One promising approach for dependence or correlation analysis is created by Schweizer and Wolff [1] based on a dissertation of Wolff [2]. Using copulas, they described a set of measures for dependence:

  • Spearman's $\rho = 12 \int_0^1{\int_0^1 {(C(u,v)-uv)du dv}}$
  • $\gamma = (90 \int_0^1{\int_0^1 {(C(u,v)-uv)^2du dv}})^{\frac{1}{2}}$
  • $\sigma = 12 \int_0^1{\int_0^1 {|C(u,v)-uv|du dv}}$

where $C(u,v)$ is the Copula of the marginals $u=F(x)$ and $v=G(y)$

Seth and Príncipe [3] proposed $\gamma$ for variable selection, using maximum relevance minimum redundancy

$\rho$, $\sigma$ and $\gamma$ can be computed using:

import pycopcor.copula.wolff as pcw
pcw.spearman(fx_0,fx_1)
pcw.sigma(fx_0,fx_1)
pcw.gamma(fx_0,fx_1)

Copula Entropy

More recent work from Blumentritt and Schmid [4] or from Ma and Sun [5] showed that copula entropy is mutual information for continuous-valued variables. Two ways to calculate the copula entropy exist: Using histograms, as done in [4,5] or using the empirical copula, as shown in my dissertation [0, p. 41]. Both approaches have benefits and drawbacks. Some of them are shown in the notebooks folder.

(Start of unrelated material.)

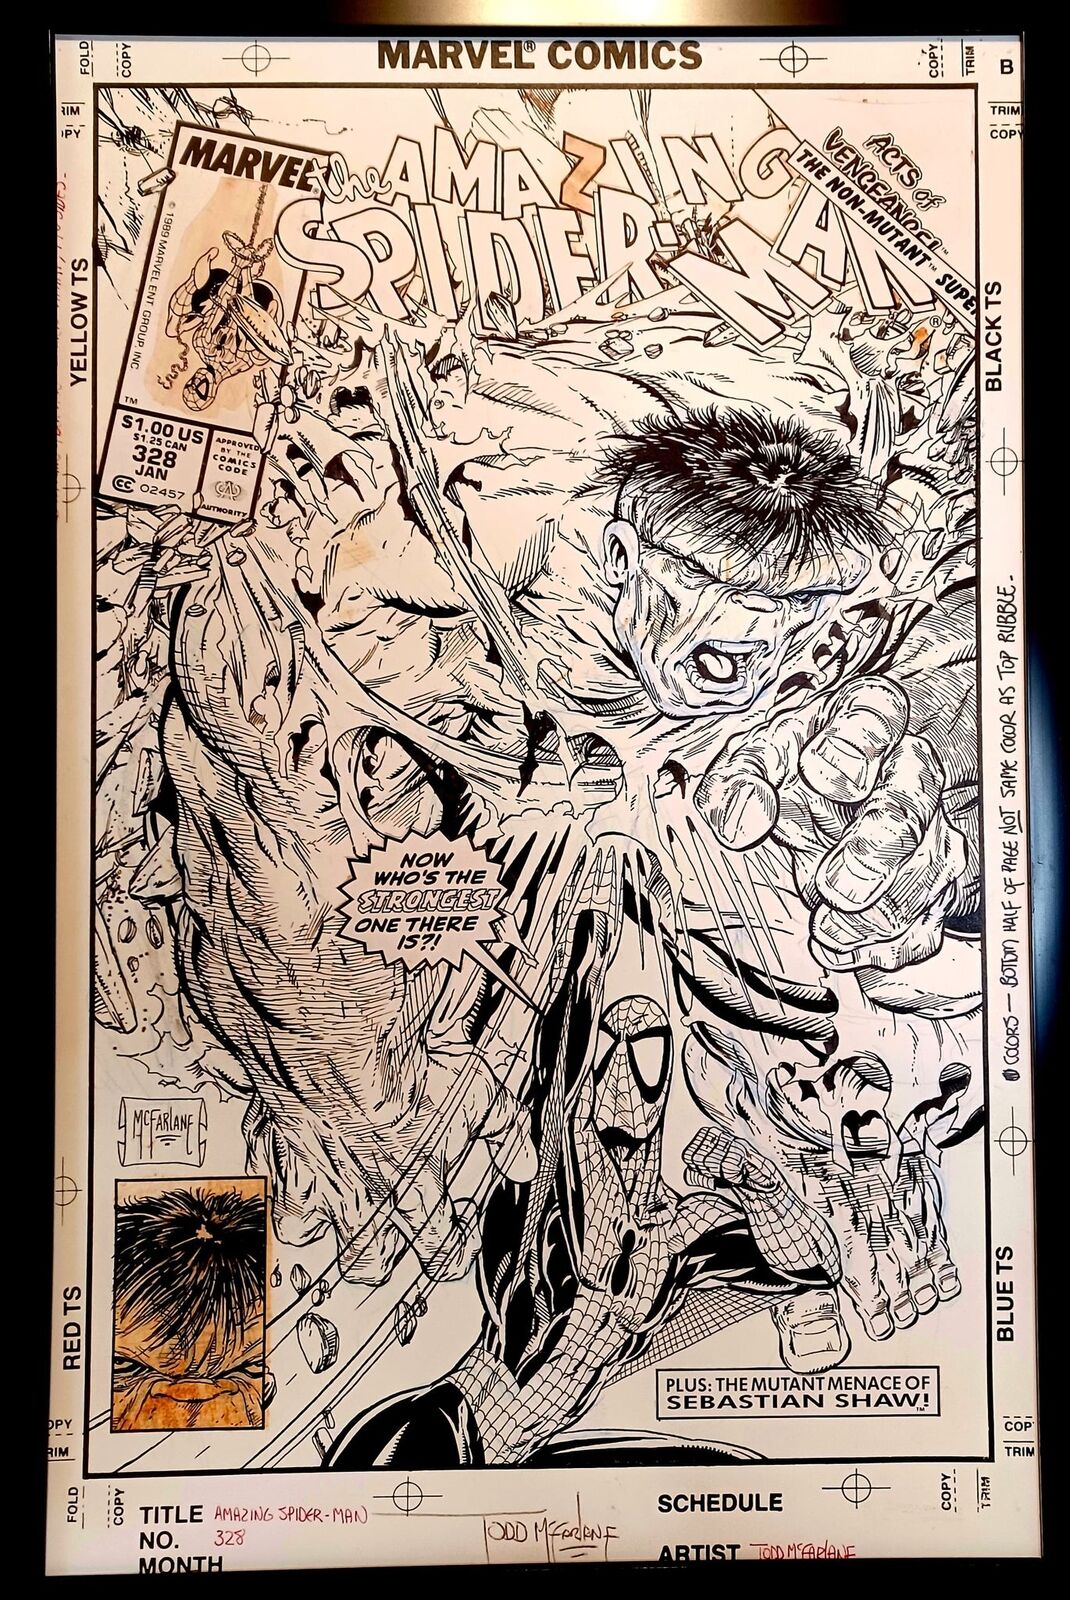 Amazing Spider-Man #328 by Todd McFarlane 11x17 FRAMED Original Art Print Comic

As the theory around the histogram approach is well covered, I focus on the empirical approach. The copula entropy is based on the copula density, the derivate of the copula:

$c(u,v) = \frac{\partial^2 C(u,v)}{\partial u \partial v} $

However, the empirical copula $C$ is usually defined using the step function, which is not differentiable. The workaround I choose is to use the sigmoid function:

  • $\sigma(x) = \frac{1}{1+e^{-x}}$
  • $\frac{\partial \sigma(x)}{\partial (x)} = \sigma(x)\sigma(-x)$

So the empirical copula can be estimated with:

$C_{x,y}(u,v) = \frac{1}{n} \sum\limits_{i=1}^{n} \left( \sigma(-o \cdot (F_x(x_i) - u)) \sigma(-o \cdot (F_y(y_i) - v) \right)$,

which allows the computation of the derivate and the calculation of the copula entropy:

$I_{CD}(x,y) = \int_{[0,1]^2} \left( c_{x,y}(u,v) \log(c_{x,y}(u,v) \right) du dv$

Embedding the copula entropy into mutual information theory

As also shown in my dissertation [0, p. 39 ff], the copula entropy $I_{CD}(x,y,z)$ relates to the total correlation as defined in [6]. Therefore it can be associated with the joint mutual information [7] and the historical joint mutual information [8]:

$I_{CD}(x,y,z) = TC(x,y,z) = I(x,y) + I(xy,z)$

$J_{HJMI,CD}(x_k,S) = J_{H,CD} + \frac{1}{|S|} \sum_{x_j \in S} \left(I_{CD}(x_j,x_k,y) - I_{CD}(x_j, x_k) - I_{CD}(x_j, y) \right)$

Please be aware that normalisation plays its role in this scenario. The normalisation to the numerical maximum seems to be most similar to the traditional mutual information, as shown in the notebook section. The results of my dissertation indicate the same.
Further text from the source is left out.